Twee klopjes op de deur haalden me uit mijn gedachten. "Isis, we gaan eten, kom je naar beneden?" Ik knikte, al wist ik dat moeder dat niet kon zien. Ik stond op en trok mijn jurkje recht. Ik wist bijna helemaal zeker dat dit oude kleding van Sofia was geweest. Het zwarte poffende shirt sloot hoog in mijn nek en het grijze jurkje accentueerde mijn taille. Ik voelde me mooi als ik deze kleding aan had. Ik merkte dat ik net gehuild had. Snel wreef ik onder mijn ogen langs en duwde toen de deur open. De geur van vers warm eten drong mijn neusgaten binnen. In de keuken was een grote tafel neergezet met acht stoelen. Iedereen had plaats genomen op zijn of haar eigen plek. Ik schoof mijn stoel naar achter en begroette mijn zusje met een knikje. Het leek al lang geleden dat ik haar gezien en gesproken had.

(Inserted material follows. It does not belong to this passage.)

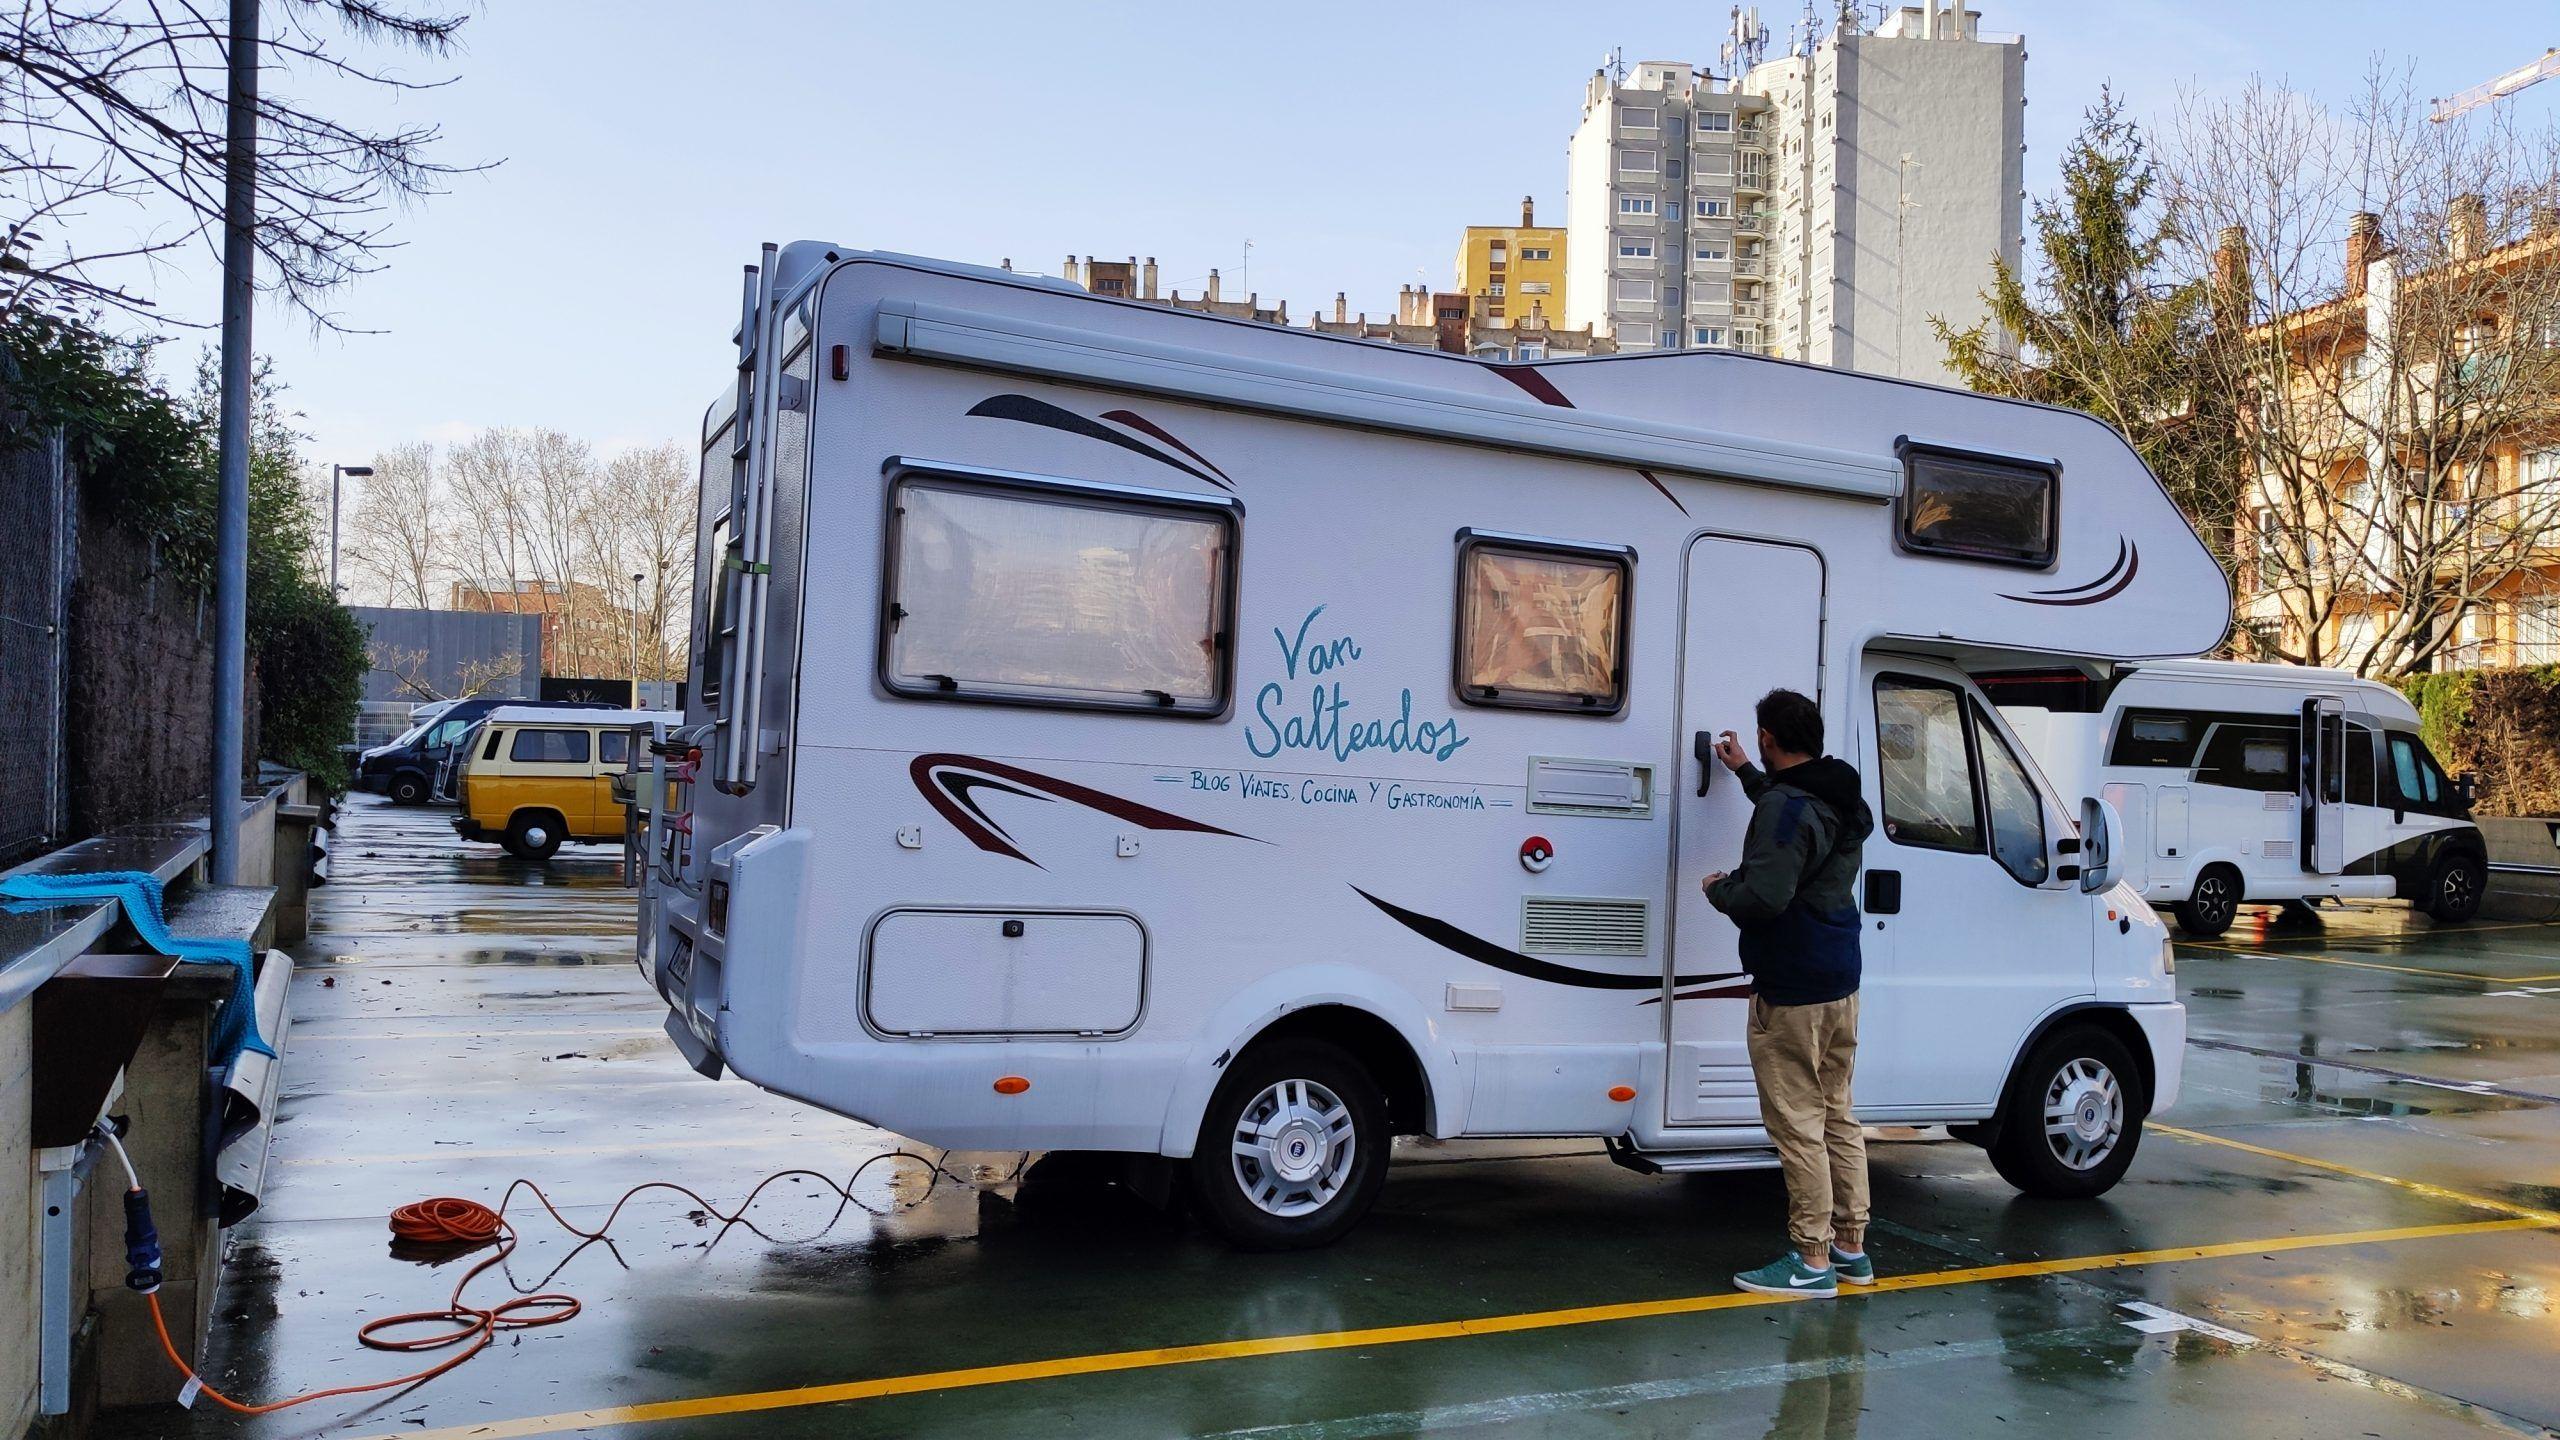 Caravana aparcada en el parking Devesa, Girona

Zoals altijd zeiden we ons gebed weer op begon iedereen aan de maaltijd. Heel voorzichtig legde ik mijn hand op de schouder van Amelia. "Hey," zei ze met een glimlach op haar gezicht, "hoe voel je je?"
"Goed," antwoorde ik kort, "hoe gaat het met jou."
Ze haalde even kort haar schouders op. "Ik weet het niet, het is hier zo anders, zo leeg."
Zoals vaker voelde mijn zusje precies hoe ik me voelde. Opeens trok ze me iets dichterbij en bracht haar lippen naar haar oor. "Is het je al opgevallen dat er een stoel teveel aan deze tafel staat?" Ik keek om me heen en schudde mijn hoofd. Toen viel me de stoel op. Hij stond tussen Sofia en vader in. Er zat niemand. Er viel een korte stilte aan de tafel. Moeder zag dat ik naar de lege stoel kijken en wendde snel haar blik af. Ik besloot het zo te laten en vervolgde het eten. Er werd weinig meer gesproken. Na het eten werden alle taken in stilte uitgevoerd. Ik vertrok naar boven en Sofia volgde mij. Net voordat ik de deur van mijn slaapkamer opende, voelde ik dat ze vlak achter me stond. "Wat kom je doen?" vroeg ik misschien een beetje te direct. Ze zweeg en deed net of ze naar haar eigen kamer door wilde lopen. Ik liep mijn kamer in en sloot de deur achter me. Meteen klonk er een geluid, de botsing van metaal. Er werd iets omgedraaid. Ik besefte niet meteen in welke situatie ik terecht was gekomen. Toen voelde ik aan de klink. De deur gaf niet meer mee. Ik zat opgesloten in mijn eigen kamer.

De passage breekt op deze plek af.